What to work on
Since the listing below shows pictures, leave them out and write out exactly the lines from the line with "Marque-pages style japonais" to the line with "Migraciones: Cómo solicitar", both included, and no others.

Information provided
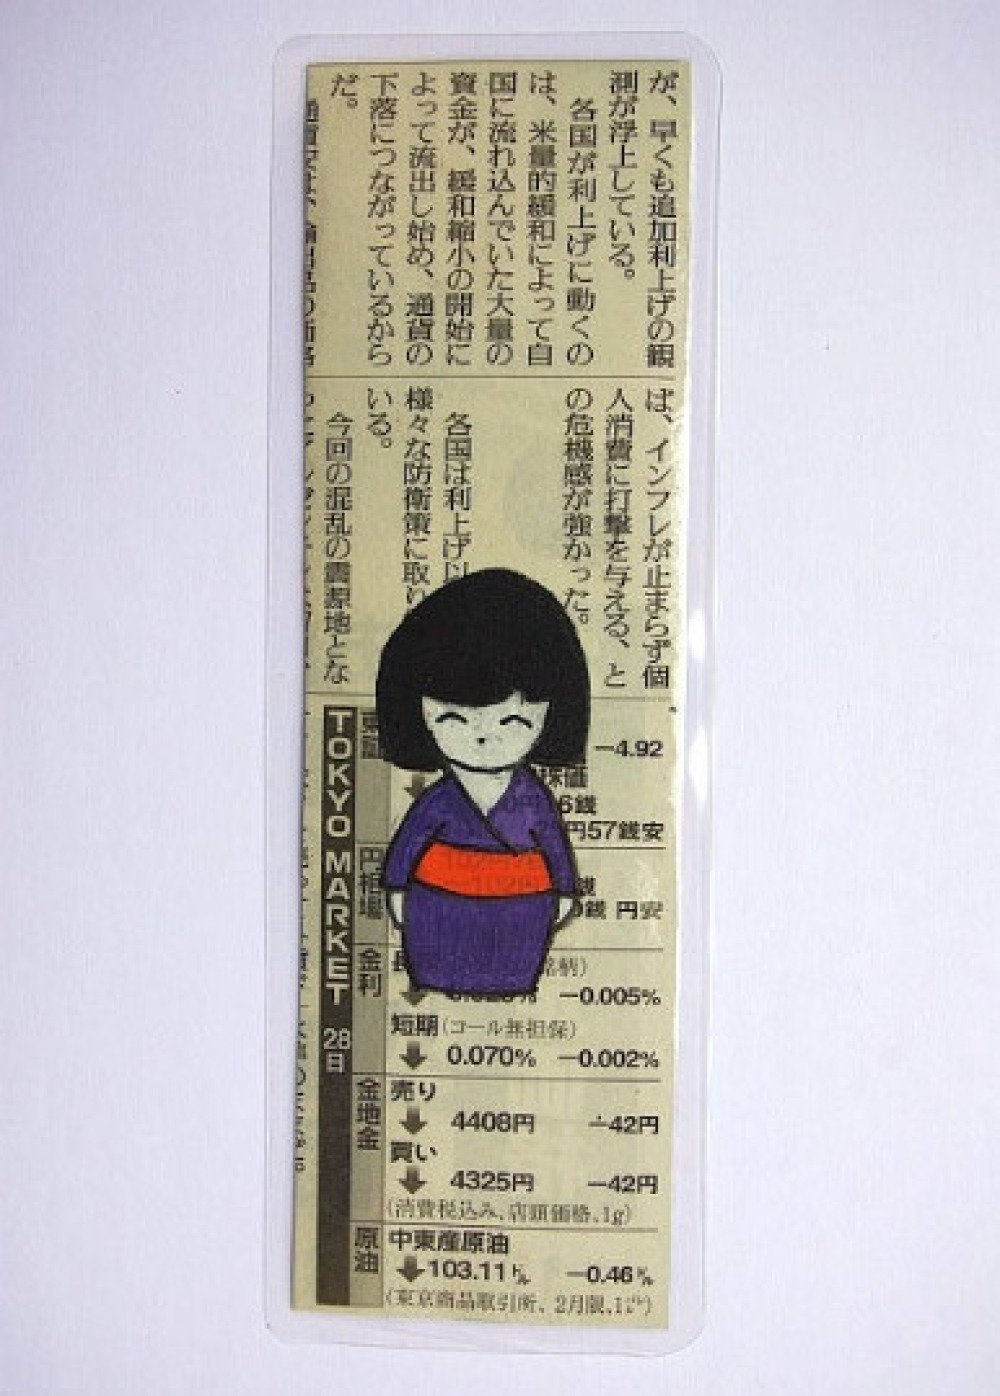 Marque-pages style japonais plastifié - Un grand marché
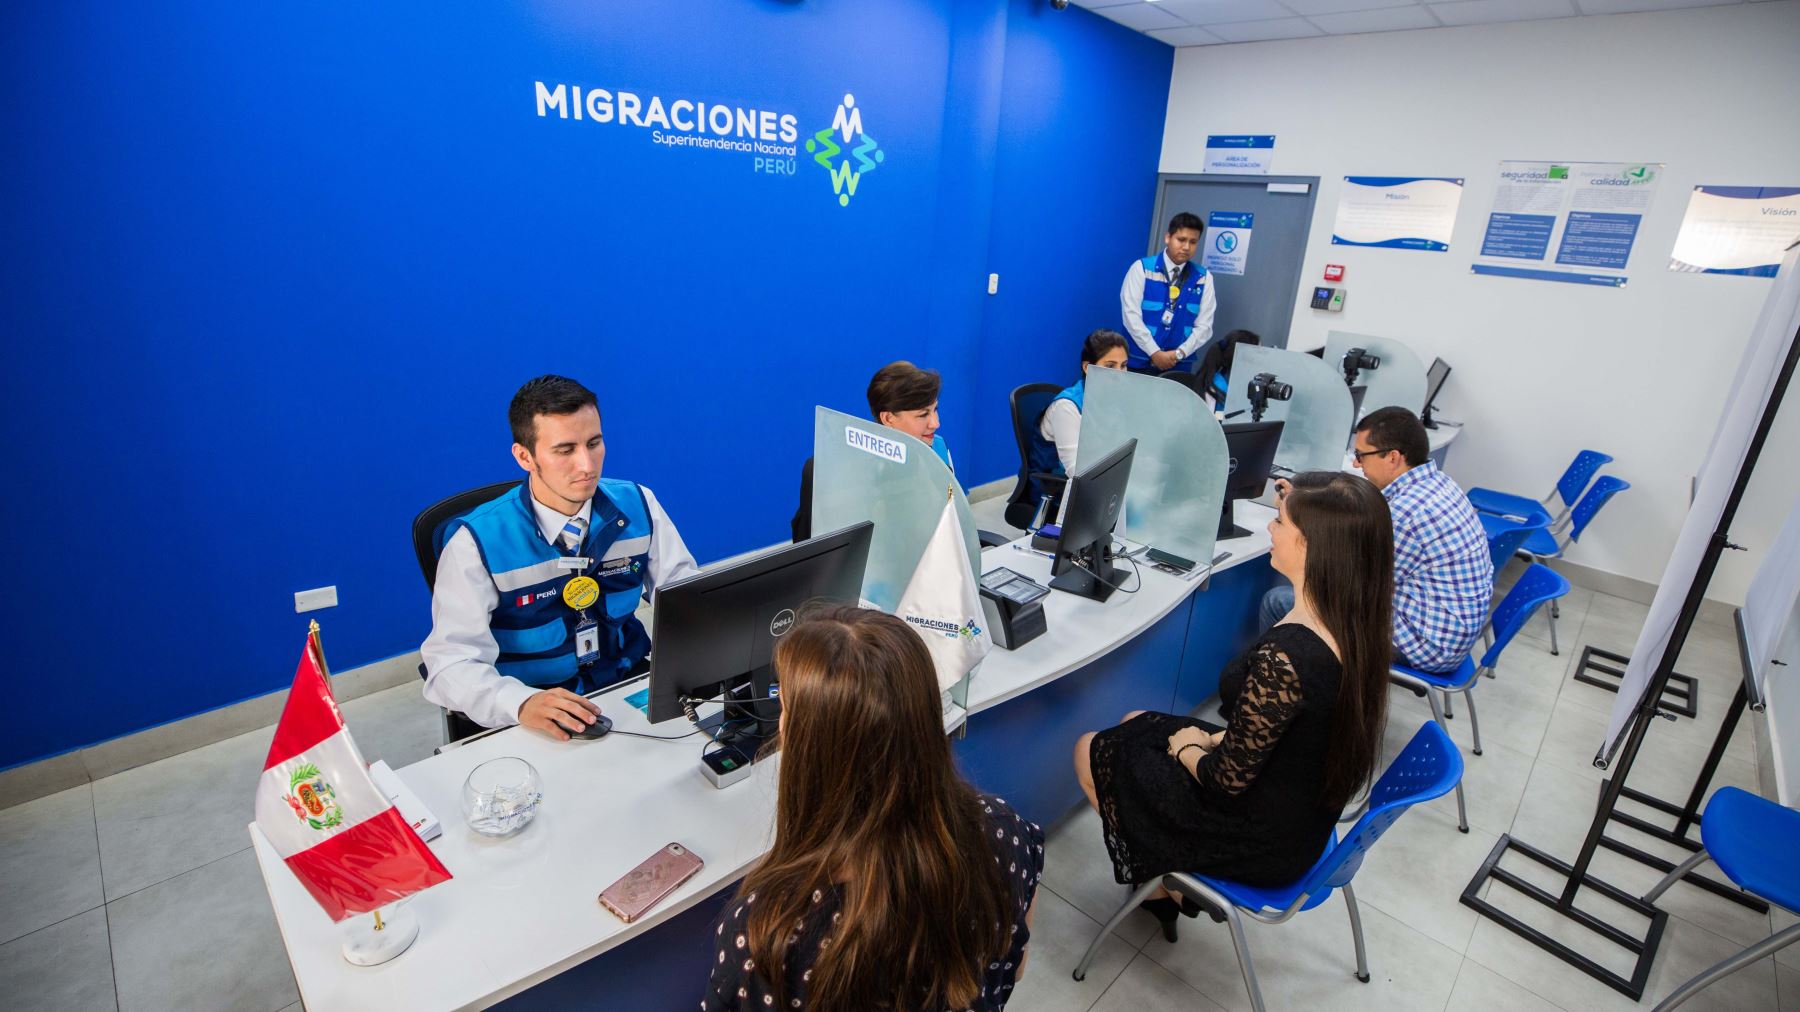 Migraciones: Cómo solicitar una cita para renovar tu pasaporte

==

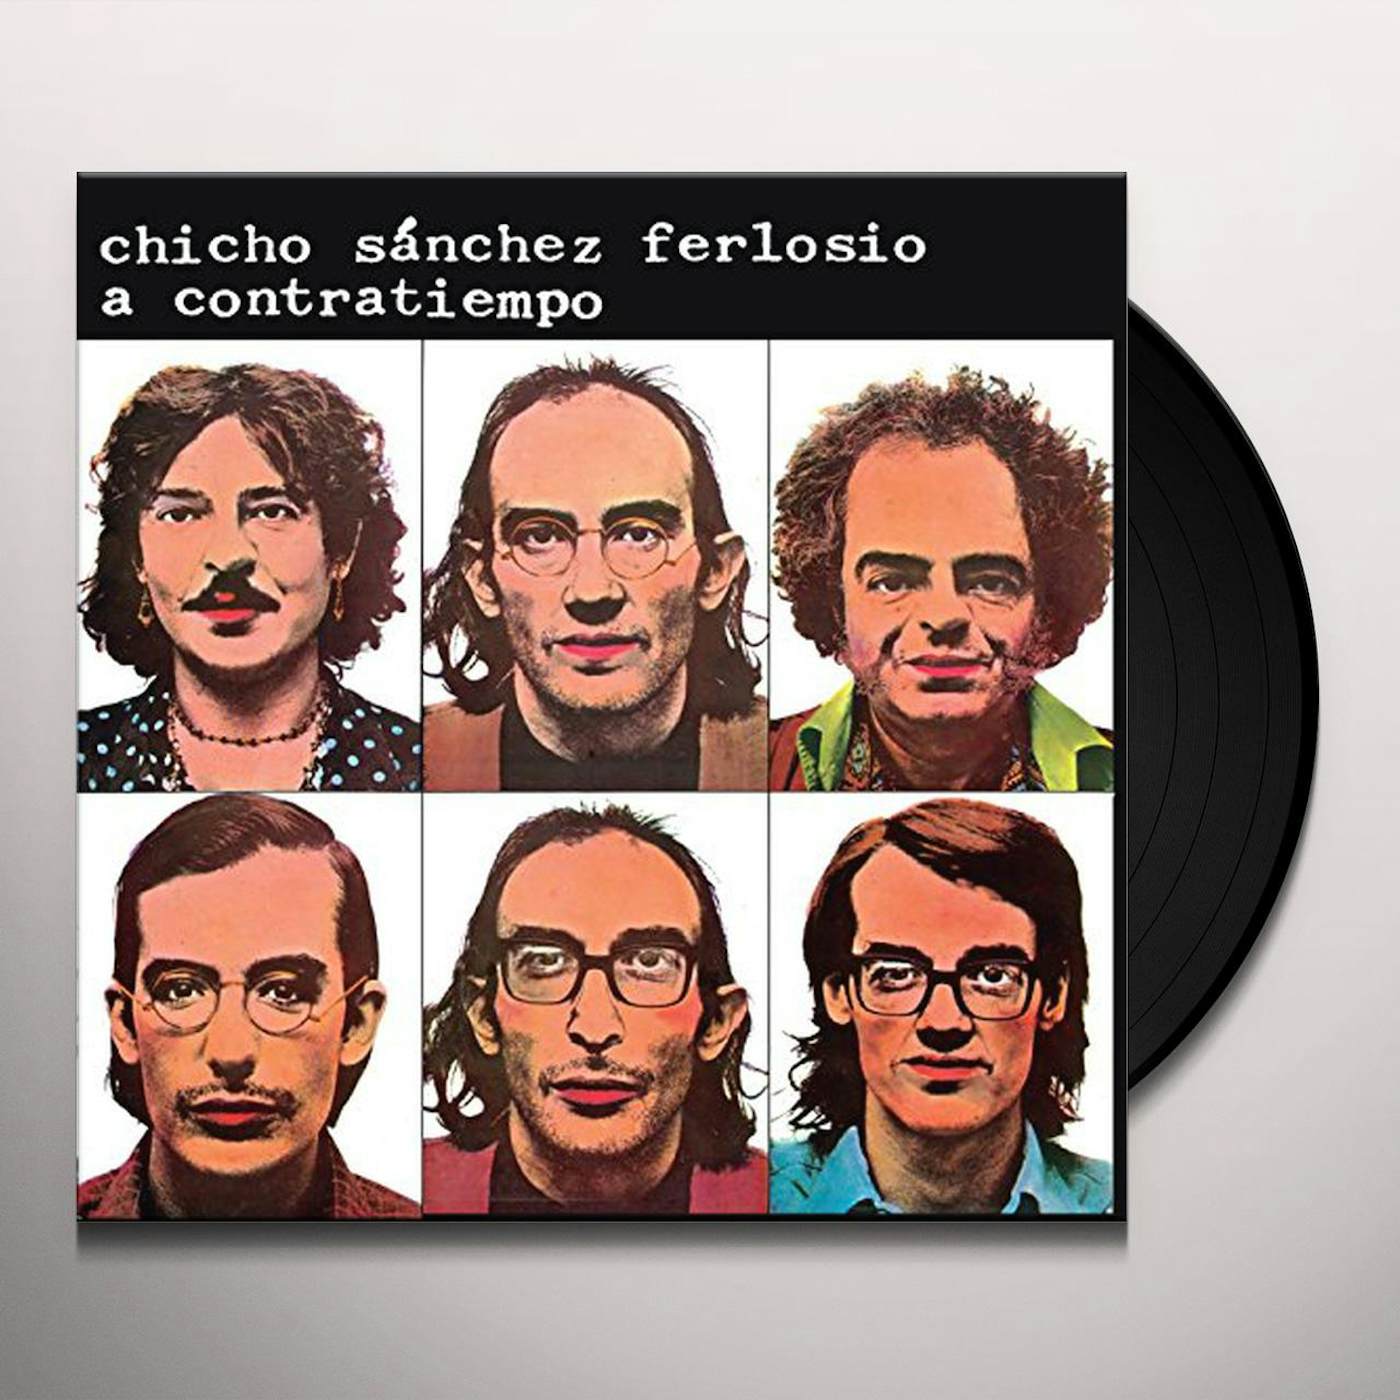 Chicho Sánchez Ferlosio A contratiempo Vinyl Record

Answer space
 Marque-pages style japonais plastifié - Un grand marché
 Migraciones: Cómo solicitar una cita para renovar tu pasaporte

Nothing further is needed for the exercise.